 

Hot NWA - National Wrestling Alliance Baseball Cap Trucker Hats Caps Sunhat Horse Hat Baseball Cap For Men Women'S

--

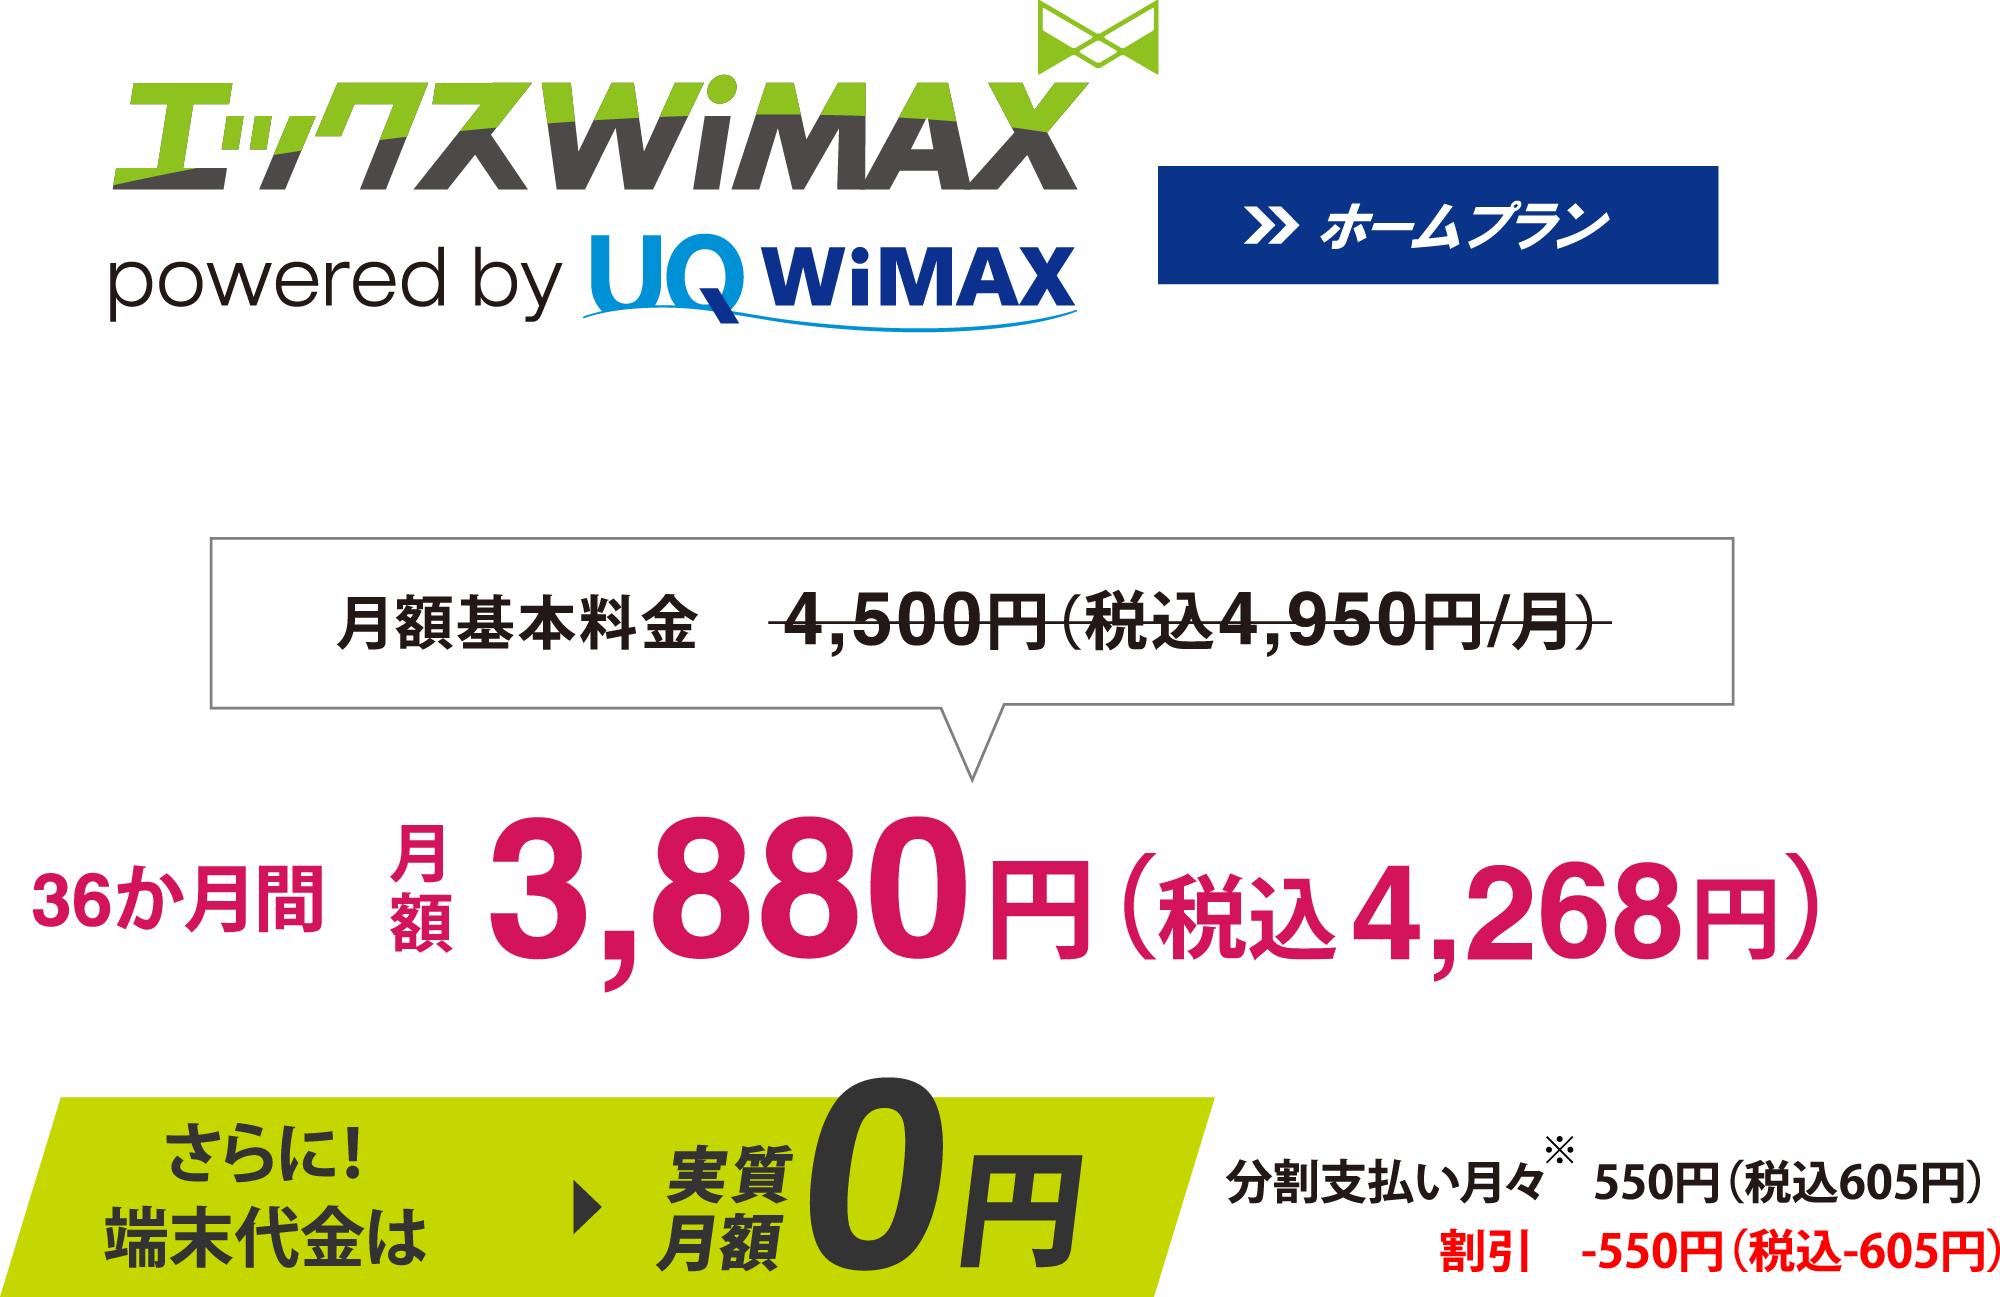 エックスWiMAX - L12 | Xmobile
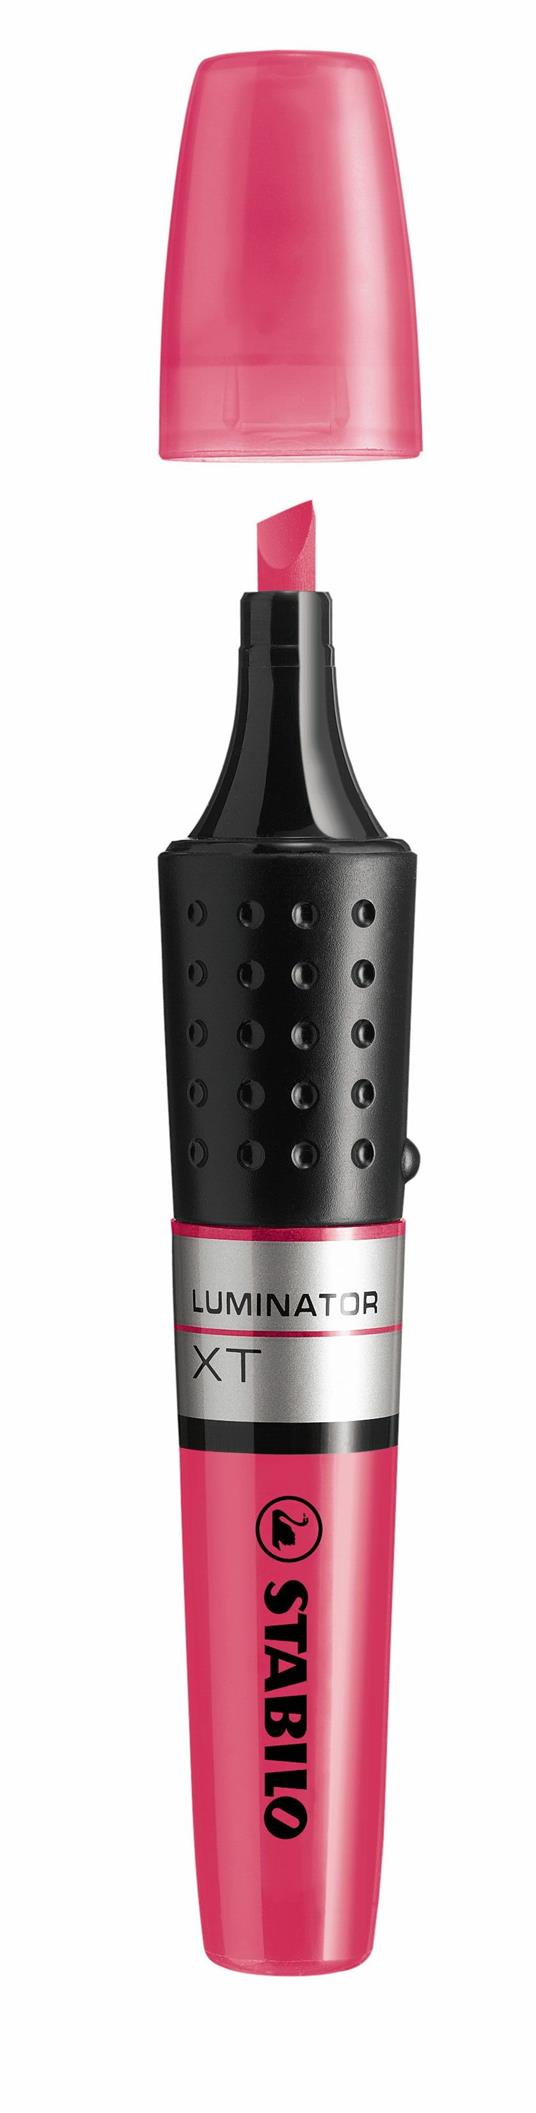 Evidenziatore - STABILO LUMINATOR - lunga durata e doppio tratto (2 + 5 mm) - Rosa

- ACTIVITY
Transcribe only this stretch of the data: the line with "エックスWiMAX - L12 | Xmobile", the line with "Evidenziatore - STABILO", and every line in between. Leave out the pictures.

- ANSWER SECTION
 エックスWiMAX - L12 | Xmobile
 Evidenziatore - STABILO LUMINATOR - lunga durata e doppio tratto (2 + 5 mm) - Rosa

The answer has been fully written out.